◆ What needs to be done ◆
Render every line of the data exactly as written, and leave out the pictures.

◆ Information supplied ◆
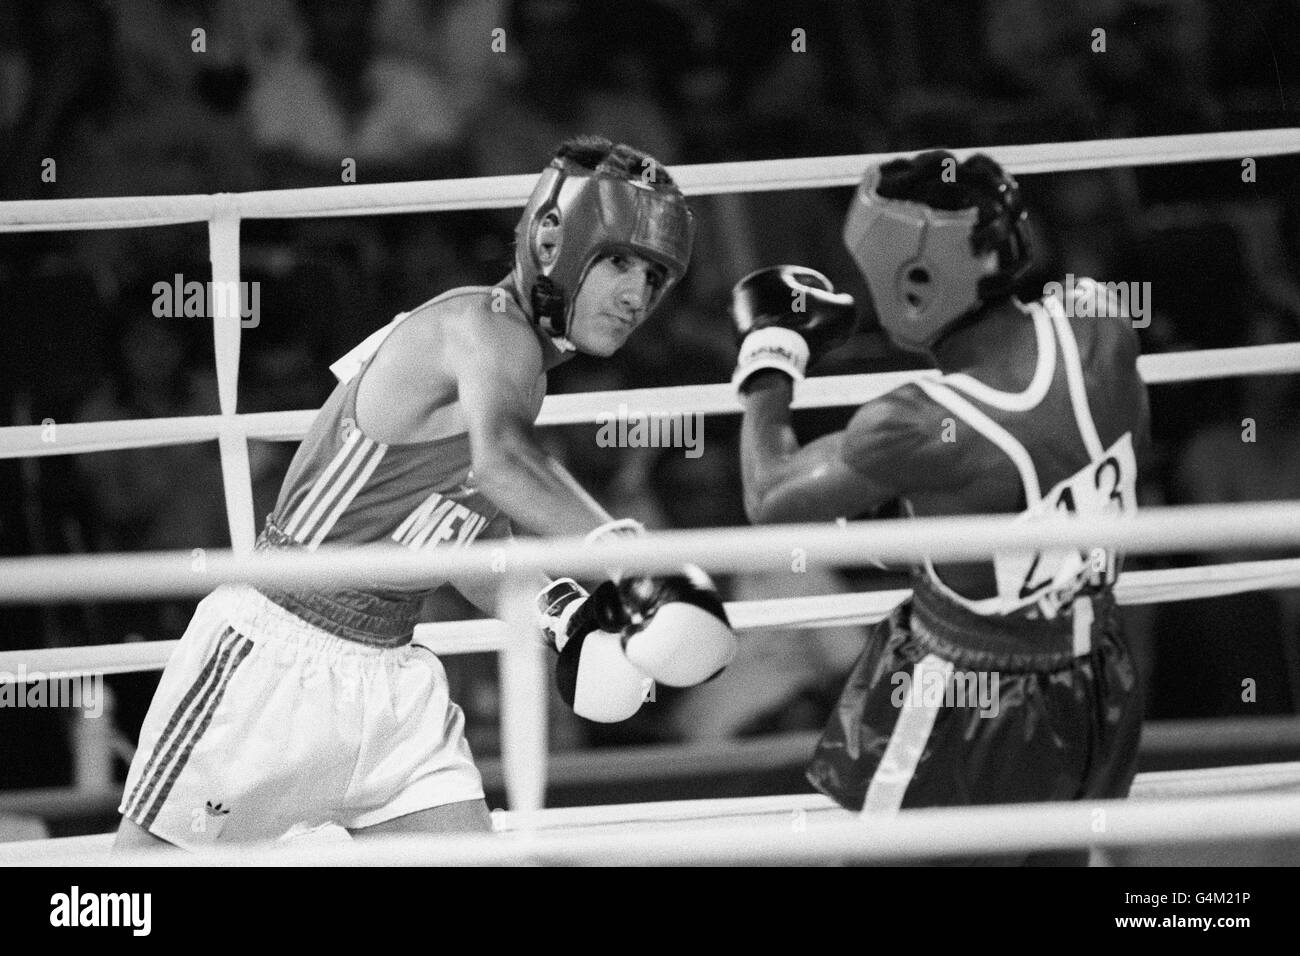 Boxen - Los Angeles Olympischen Spiele - Bantamgewicht - Runde 3 - USA Stockfoto
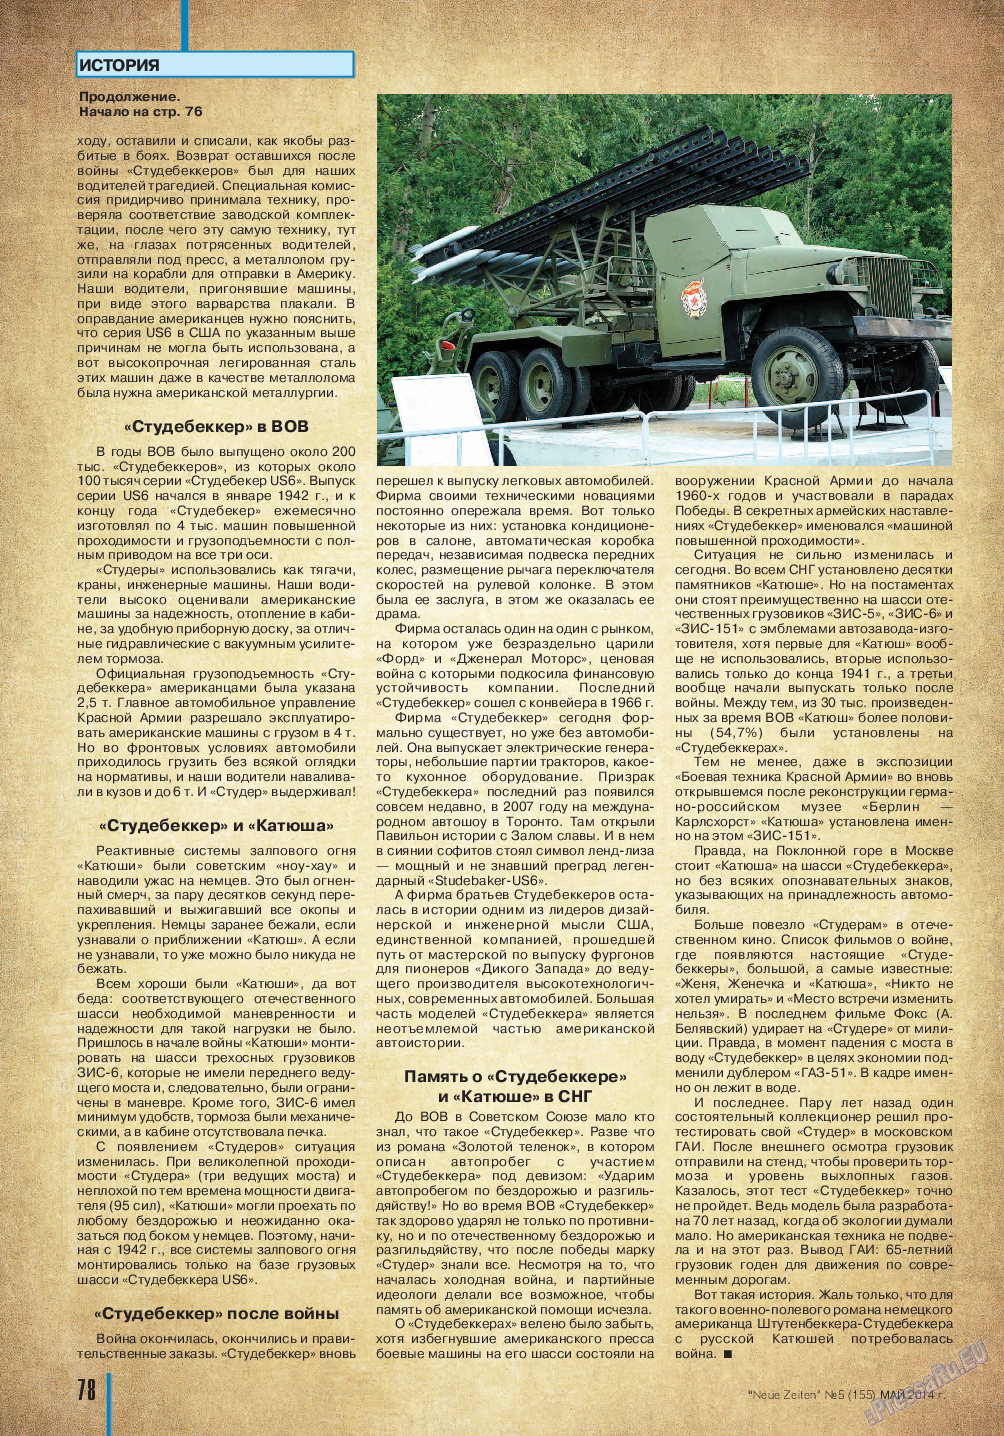 Neue Zeiten, журнал. 2014 №5 стр.78
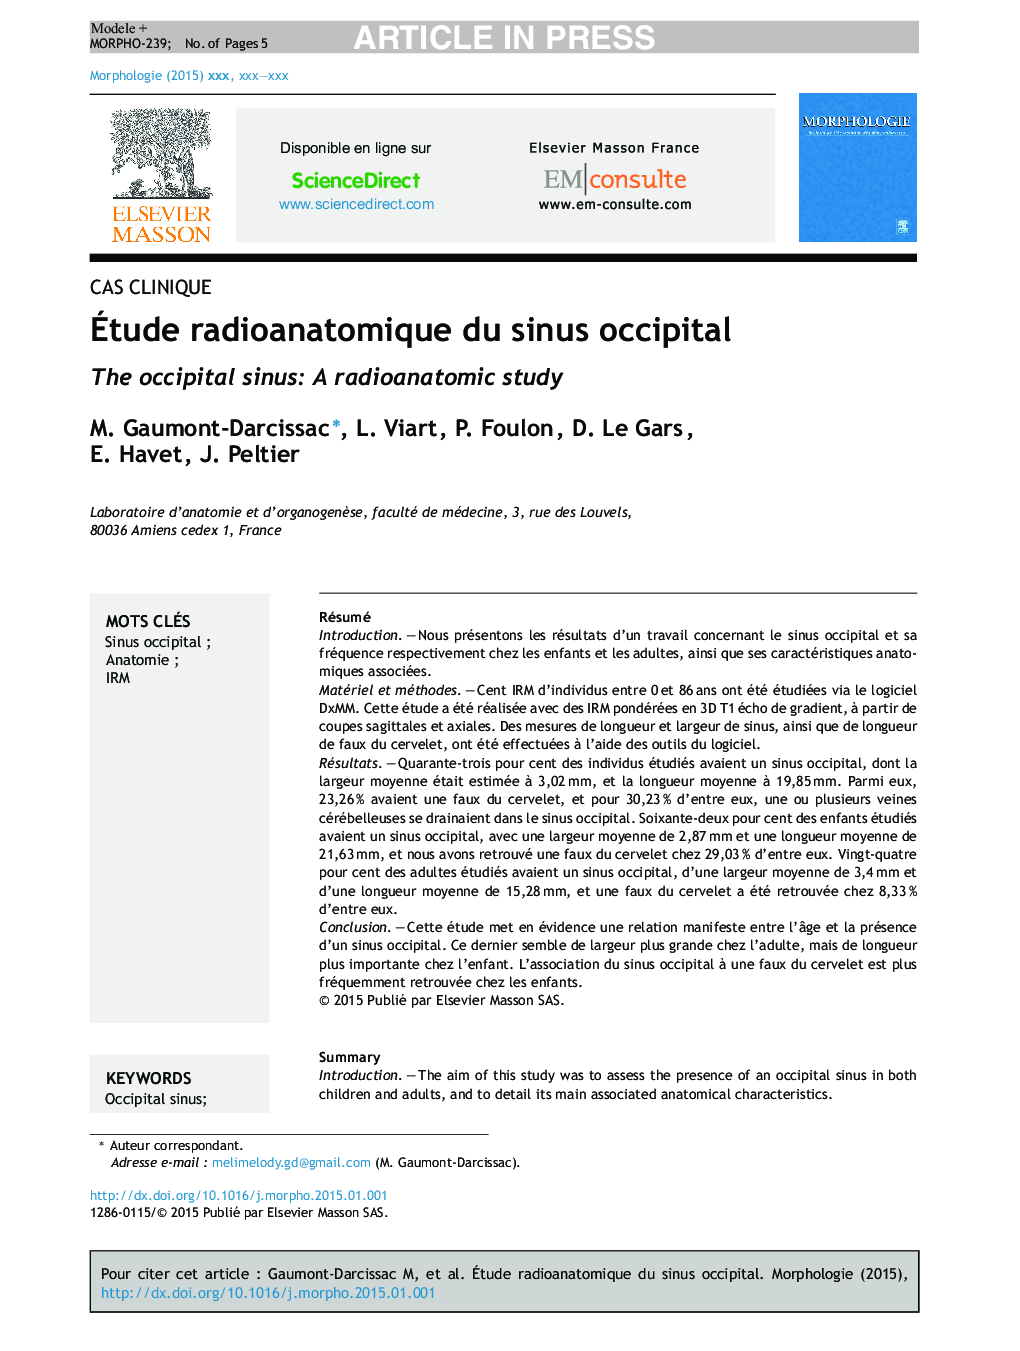 Ãtude radioanatomique du sinus occipital
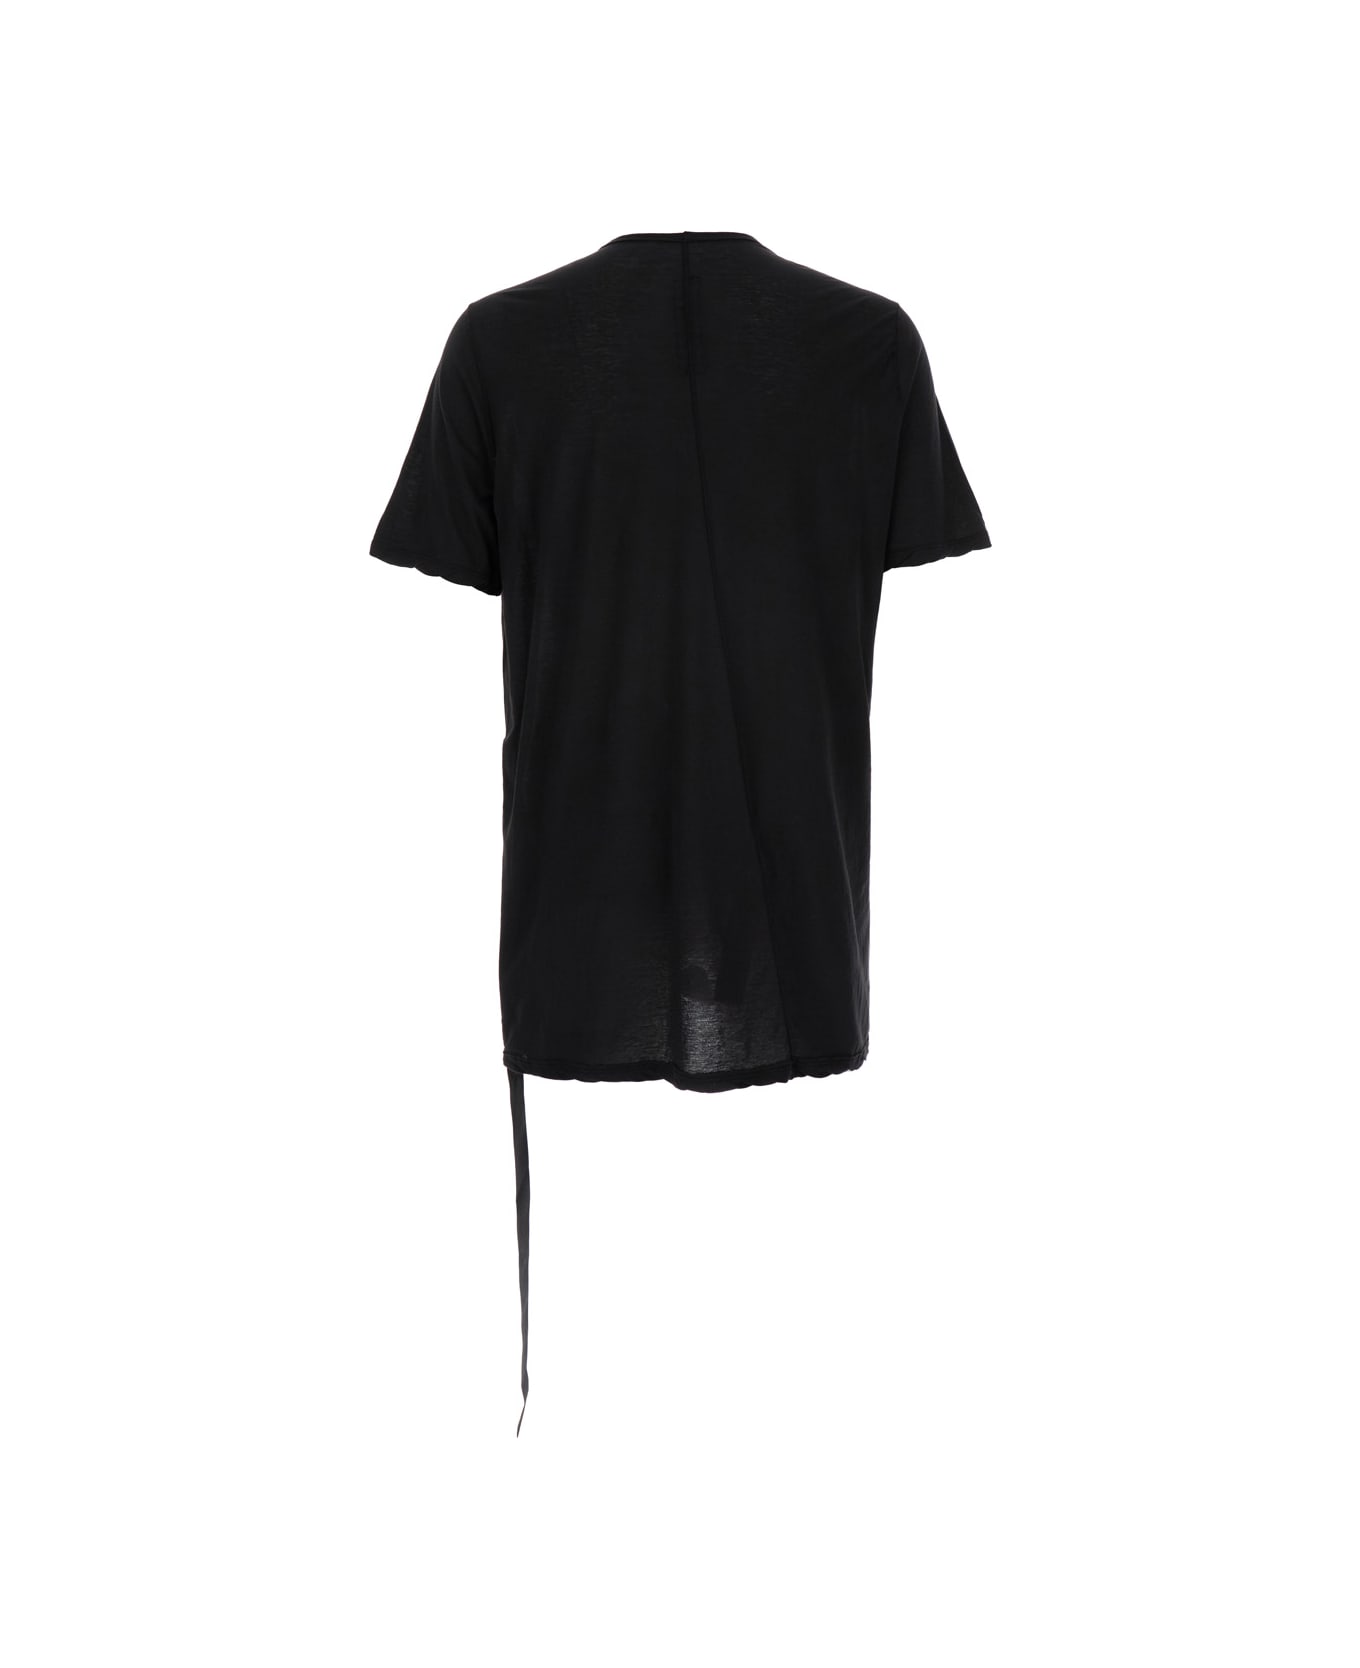 DRKSHDW T-shirt - Level T - Black

◆ Solution to this problem ◆
 Boxen - Los Angeles Olympischen Spiele - Bantamgewicht - Runde 3 - USA Stockfoto
 Neue Zeiten, журнал. 2014 №5 стр.78
 Ãtude radioanatomique du sinus occipital
 DRKSHDW T-shirt - Level T - Black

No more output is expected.